Sociedade

“Milhares de trabalhadores" dos super e hipermercados em greve

A greve dos trabalhadores dos super e hipermercados teve a adesão de "muitos milhares de trabalhadores" no país, revelou hoje o Sindicato dos Trabalhadores do Comércio, Escritórios e Serviços de Portugal (CESP), sem precisar a percentagem de adesão.

“Dos dados que é possível recolher, observa-se que muitos milhares de trabalhadores não se apresentaram ao trabalho, apesar das pressões, chantagens e também aliciantes oferecidos para furarem a greve”, refere o sindicato, numa nota.

Segundo o CESP, “há muitas situações de grande adesão, de tal modo que há lojas que encerraram as portas e muitas outras funcionam em condições precárias, recorrendo a pessoas que habitualmente não exercem nas placas de vendas ou contratando temporariamente trabalhadores para substituir grevistas”.

O sindicato lembrou que a greve nos super e hipermercados, armazéns e lojas especializadas foi decretada para “tornar público o descontentamento generalizado com as condições de trabalho e salariais” destes trabalhadores.

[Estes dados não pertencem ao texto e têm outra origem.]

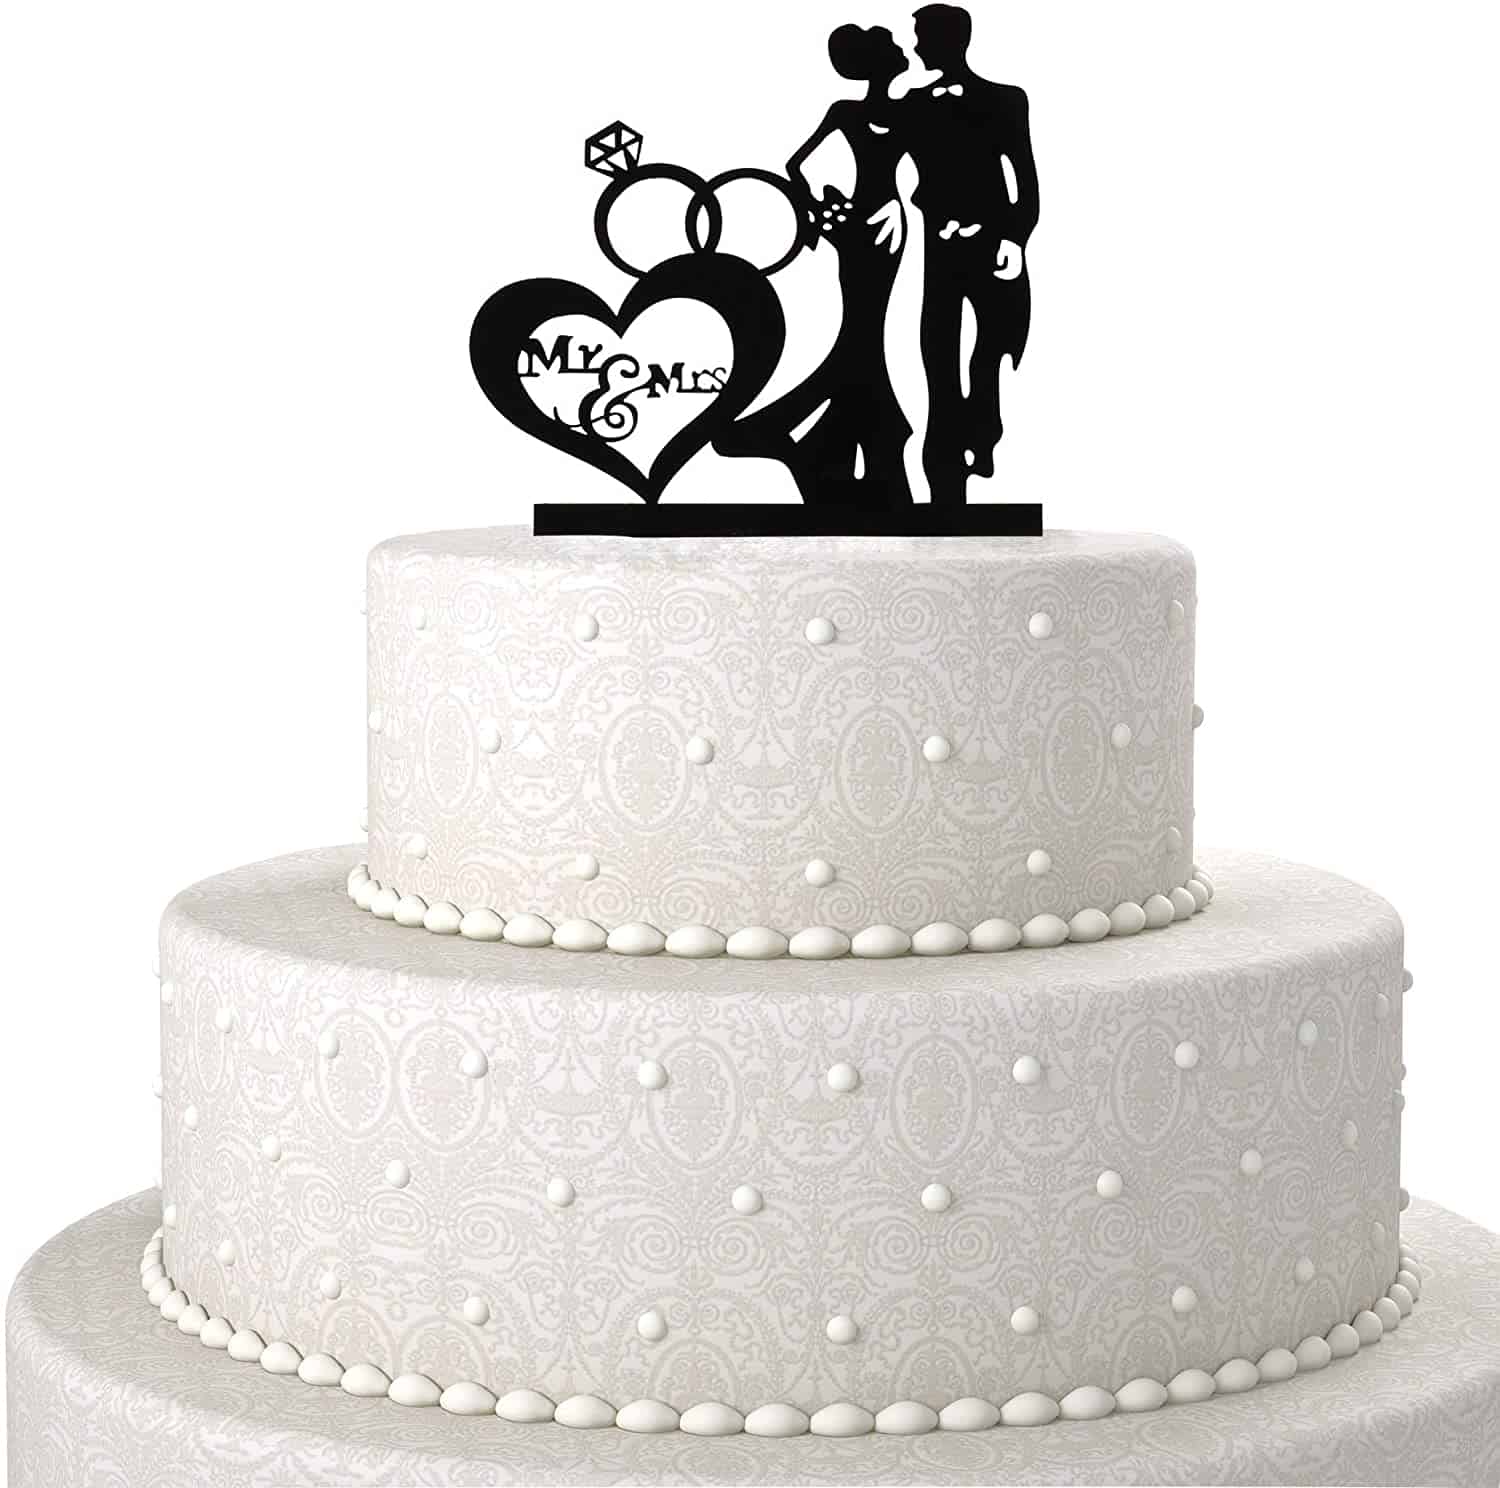 Cake topper Just Married acrylique noir : decor gateau mariage
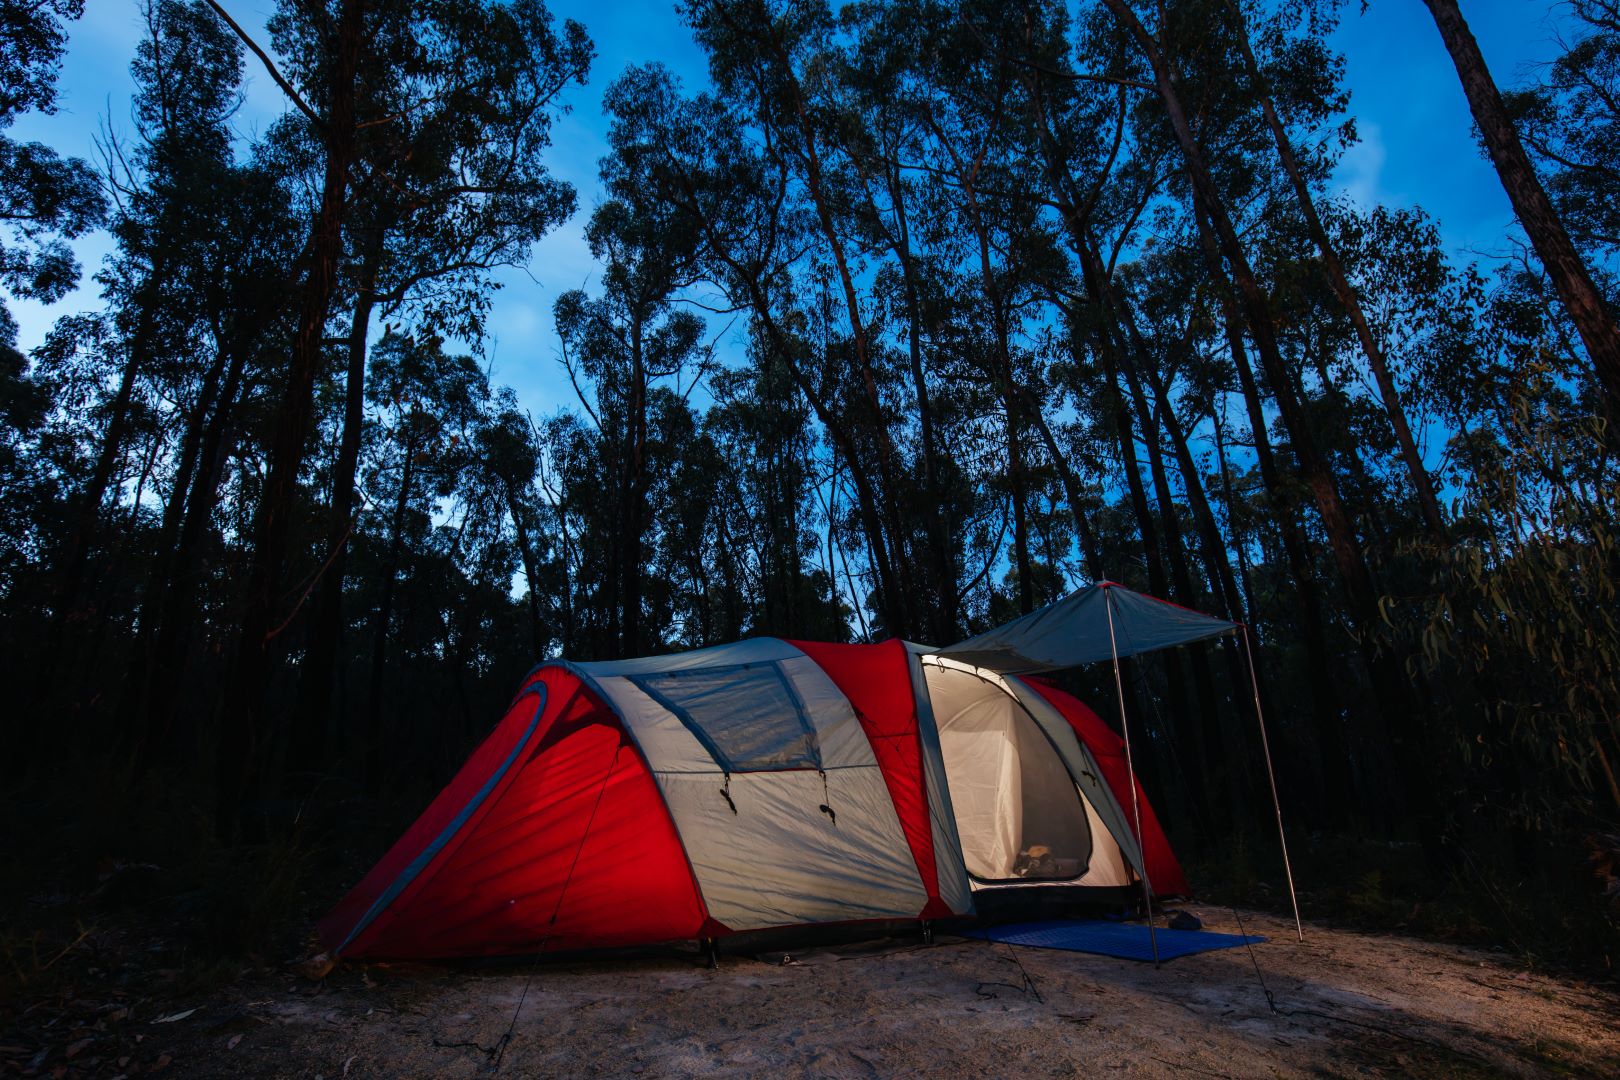 Sardegna in tenda: scopri il camping all'insegna della natura

“As empresas não têm falta de dinheiro, apostam sim em desvalorizar os salários e empobrecer os trabalhadores, porque, como se observa, têm muito dinheiro para investir milhões e milhões em campanhas de baixa de preços - dumping - para destruir a concorrência e a produção agrícola, agro-industrial e industrial nacional”, acrescentou.

O CESP realçou que os trabalhadores pretendem “rejeitar as propostas das empresas para reduzir rendimentos e empobrecer mais trabalhadores, desorganizar ainda mais a vida pessoal e familiar, tornar ainda mais penosa a vida de quem trabalha no sector e agravar ainda mais as condições que deterioram a saúde através de horários ainda mais flexíveis e desregulados”.

Exigir “a actualização dos salários com base nos valores médios praticados” e “que os operadores de armazém das logísticas, das cadeias de distribuição, sejam enquadrados nos mesmos níveis de qualificação dos operadores de loja, com os mesmos níveis salariais”, são outras das exigências.

Nos últimos anos, o CESP tem emitido pré-aviso de greve para o 1.º de Maio, para dar a possibilidade aos trabalhadores dos super e hipermercados de comemorarem o Dia do Trabalhador, mas, este ano, o objectivo da greve não será apenas esse "porque tem a ver com a situação laboral especifica destes” funcionários.